Things that need to be done in transforming data

Only for DimFeedback (Dimension Feedback)

Remove Invalid Value (Many-to-many to One-to-many)

In the dataset that I got, there is an value that doesn’t fit. In OLTP, to link feedback_dataset to order_dataset uses a composite key which is a combination of order_id and feedback_id. To link DimFeedback into FactOrder later in DimFeedback there must be only one surrogate key which is not a composite key. If seen, one feedback_id can be used for many orders, and one order can give feedback many times (many-to-many). Here the valid thing is that one order can only provide one feedback, uses the feedback that has the most recent feedback_answer_date. To remove can use SCD (Slowly Changing Dimension). SCD is performed using SQL.

create table staging.feedback_dataset_unique as 
SELECT *
FROM (SELECT distinct * ,
RANK() OVER( PARTITION BY order_id
ORDER BY feedback_answer_date DESC) AS ranking
FROM feedback_dataset) t
WHERE t.rank = 1
order by feedback_answer_date

Choose only those that have rank 1 (the most recent feedback).

Before Removed
After Removed

• Drop order_id

order_id needs to be dropped because later we will only rely on feedback_id to be the primary key.

Before Drop the order_id
After Drop the order_id

• Remove Duplicate Value

The same value needs to be removed because previously it was dropped order_id. It can be done using tUniqRow.
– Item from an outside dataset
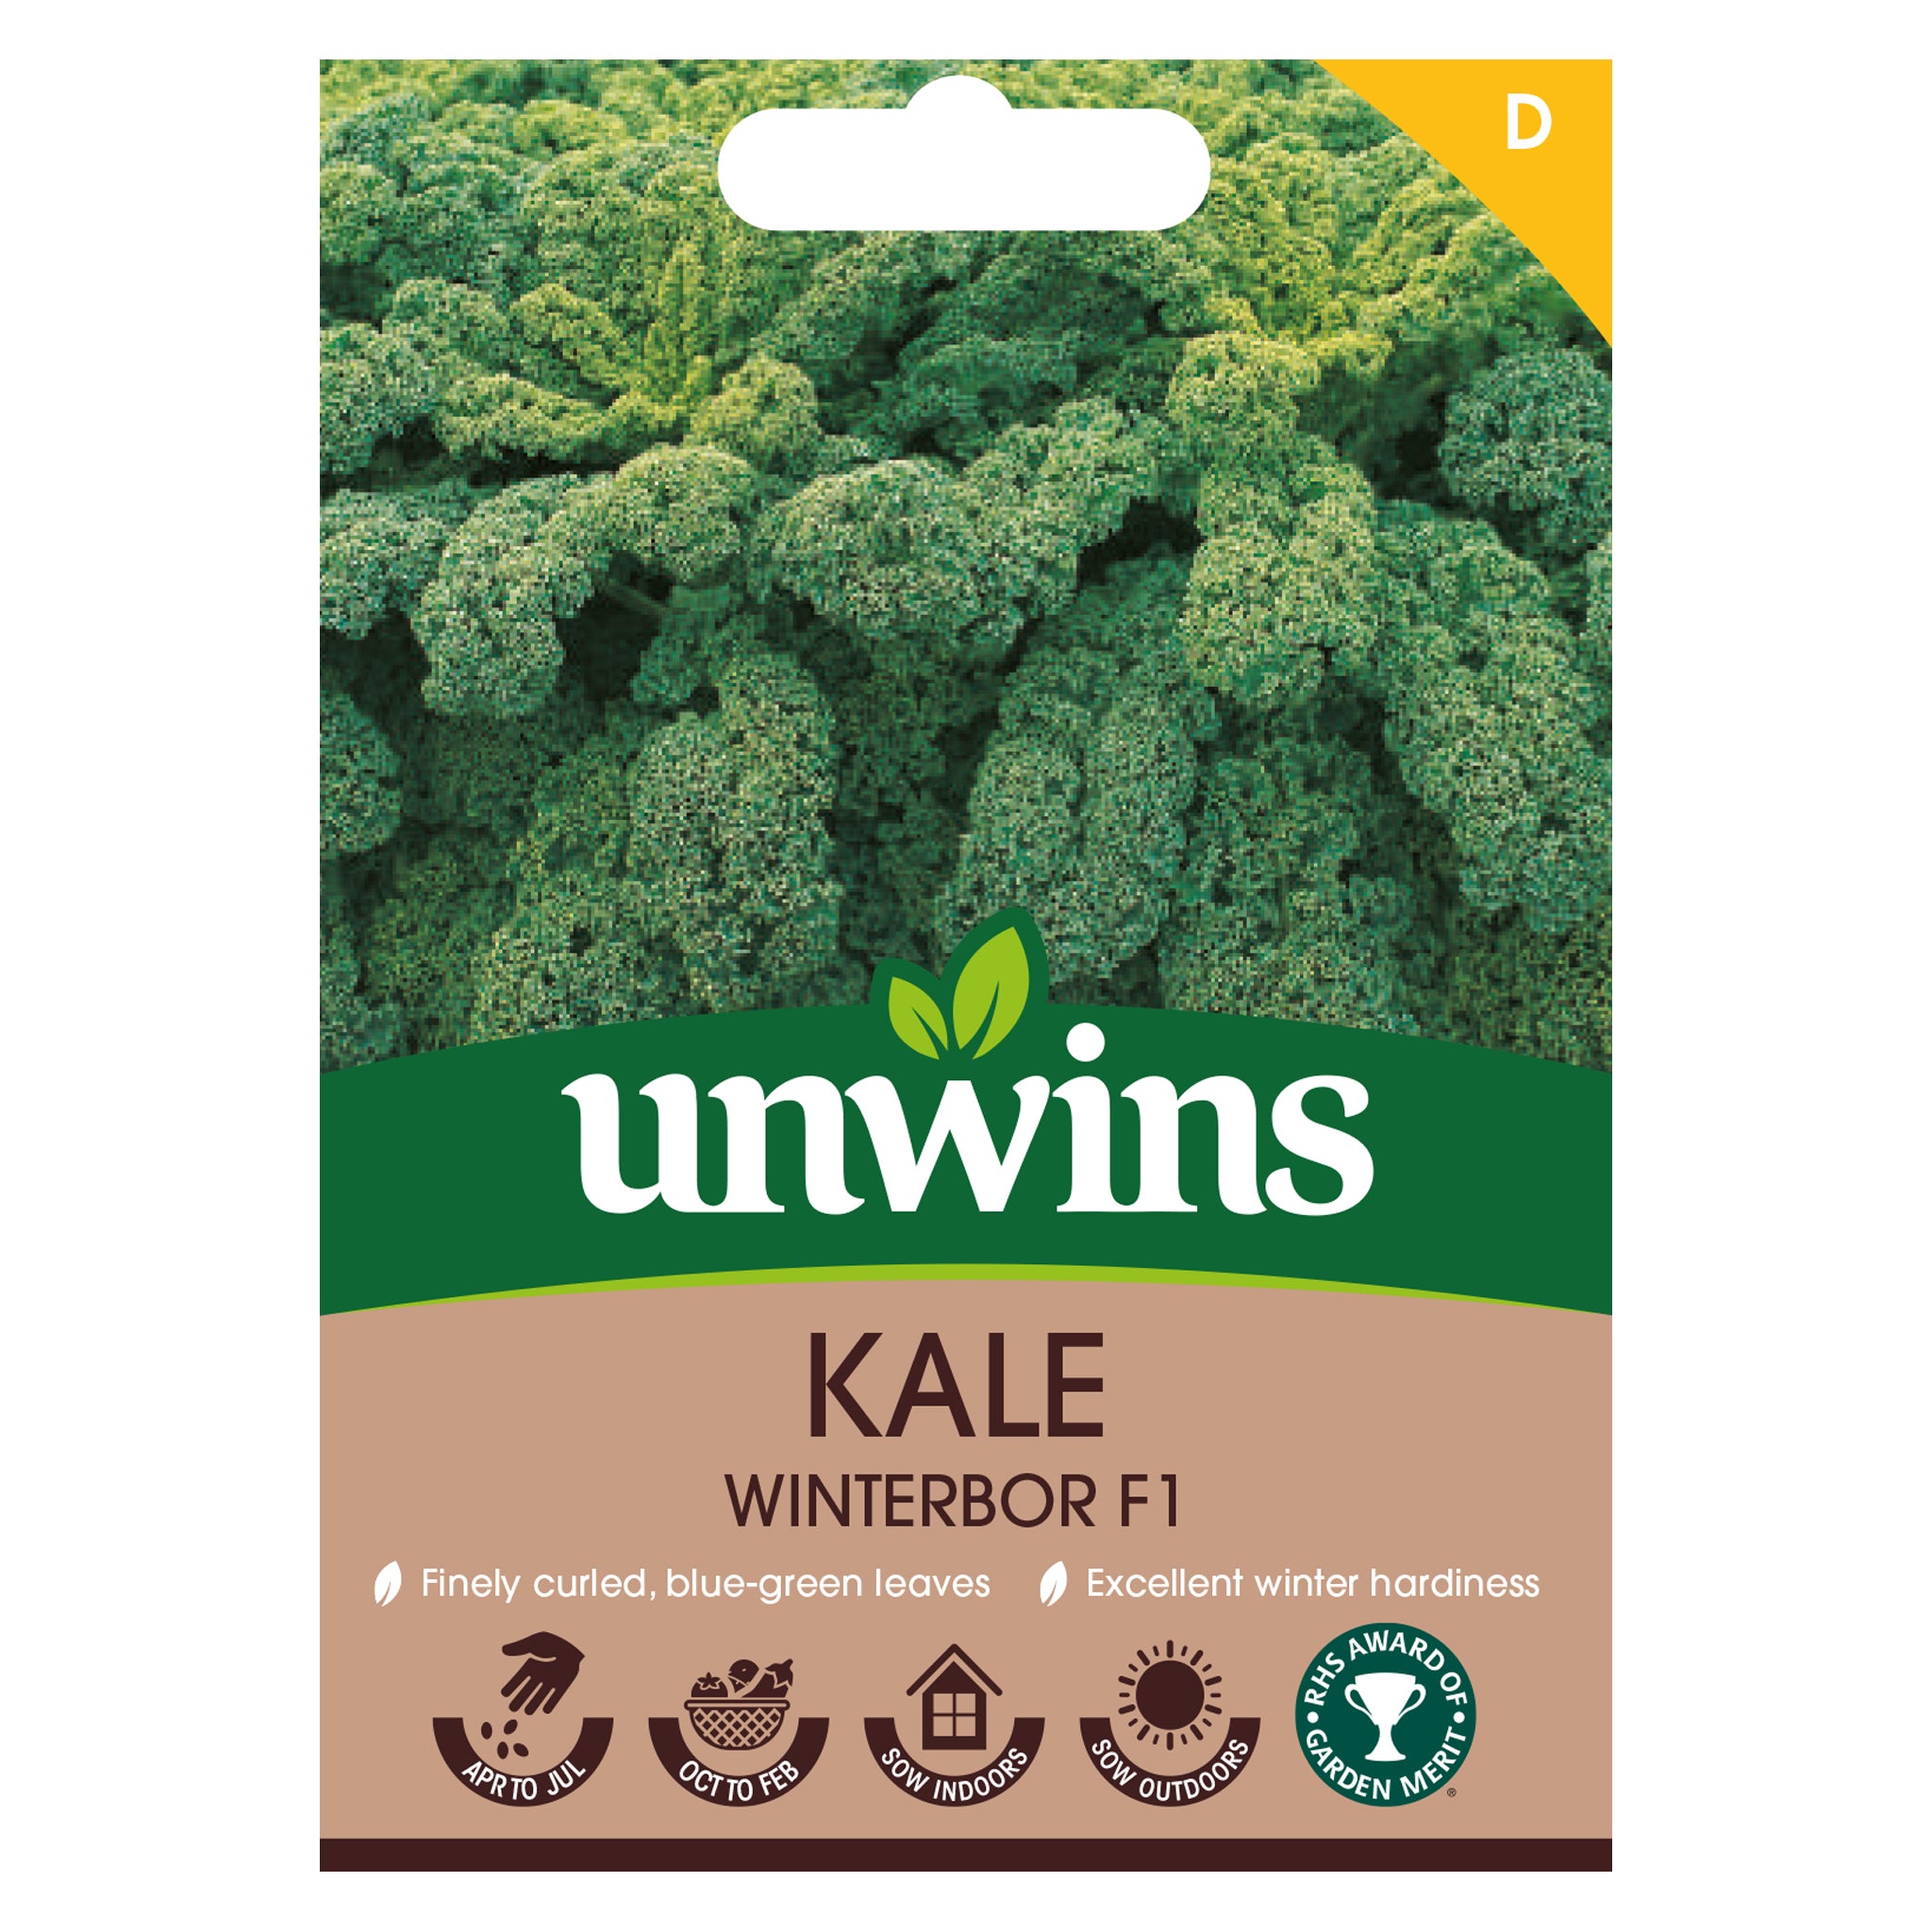 Unwins Kale Winterbor F1 Seeds
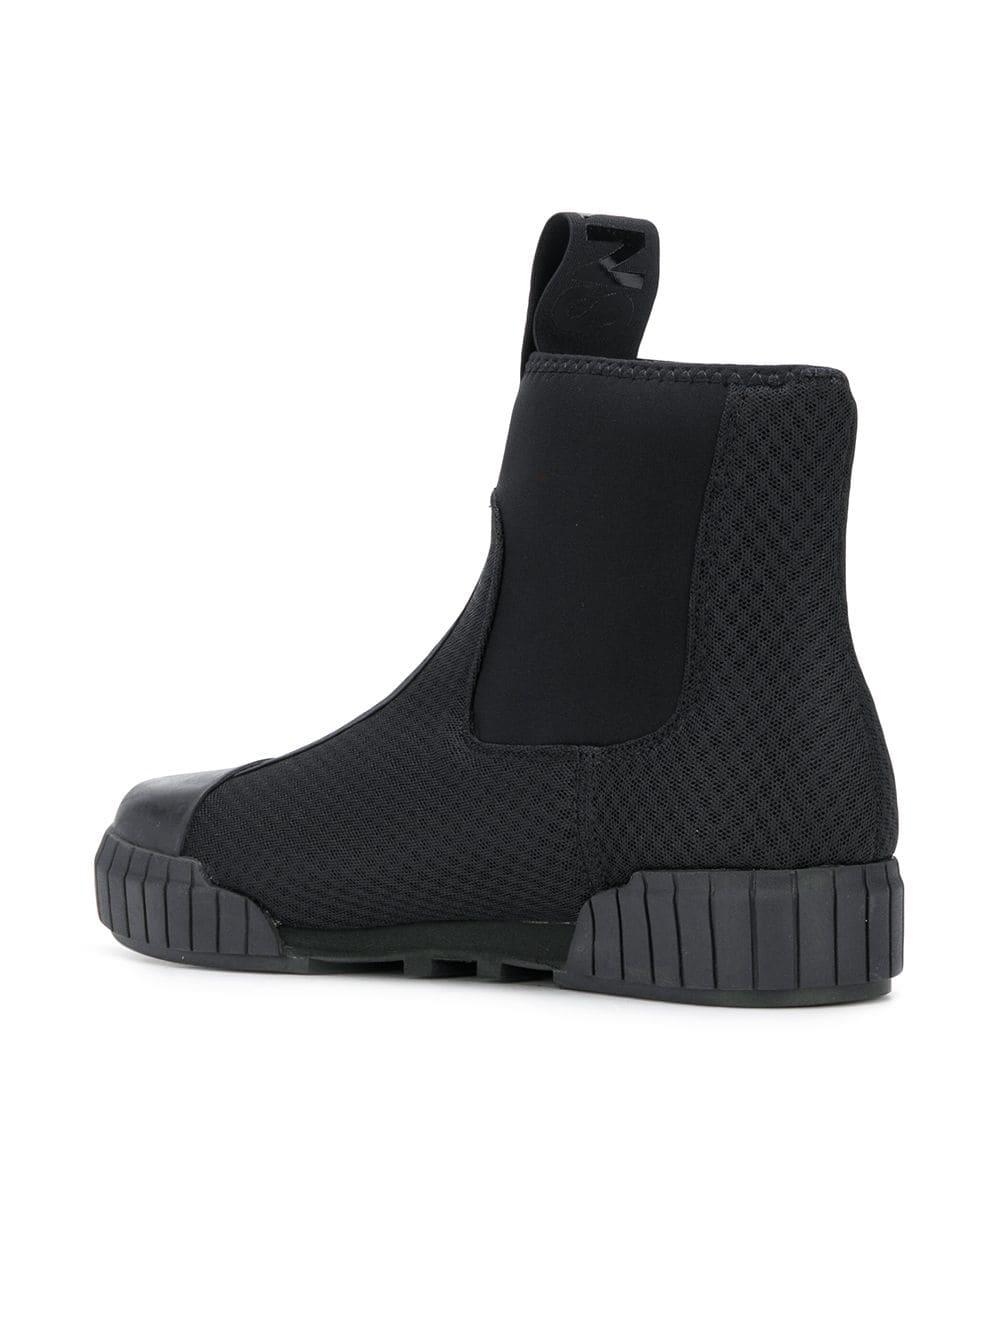 Calvin Klein Denim Ankle Boots in Black for Men - Lyst

After Remove Duplicate Value

Only for DimCustomer (Dimension Customer)

Remove Invalid Value (Can not join table because not unique primary key)

In user_dataset, one user_name can have different customer information. This is most likely when a customer changes his/her personal information. The problem is in this dataset, it is not found when the first and last time someone changed their personal information, so it is difficult to find the most up- to-date data, plus when this dataset is obtained, the tables are not connected to each other. Here it is concluded that one user can do many orders with user_name on user_dataset is unique so that it can be joined with order_dataset. Finally, SCD is performed, which is sorted by customer_zip_code, customer_city, and customer_state in descending order. Choose only those that have rank 1 (the most recent feedback).

create table user_dataset_fix as 
SELECT *
FROM (SELECT distinct * ,
RANK() OVER( PARTITION BY user_name
ORDER BY customer_zip_code DESC, customer_state DESC , customer_city DESC ) AS ranking
FROM user_dataset_ori_csv) t
WHERE t.rank = 1
order by customer_zip_code

Only for DimDate (Dimension Date)

Generate Date

The first step is to add context to the created job. Here I named it myStartDate. Then set the data type to Date and select the starting date in the date dimension. Here I use January 1, 2016, because the earliest date in my data is in 2016. To set date as much as possible avoid typing manually because errors can occur. In the Default > value column there is a date. On the right there will be a box (not a checkbox) that can be clicked, and it will appear like a calendar. There can be selected according to the earliest date.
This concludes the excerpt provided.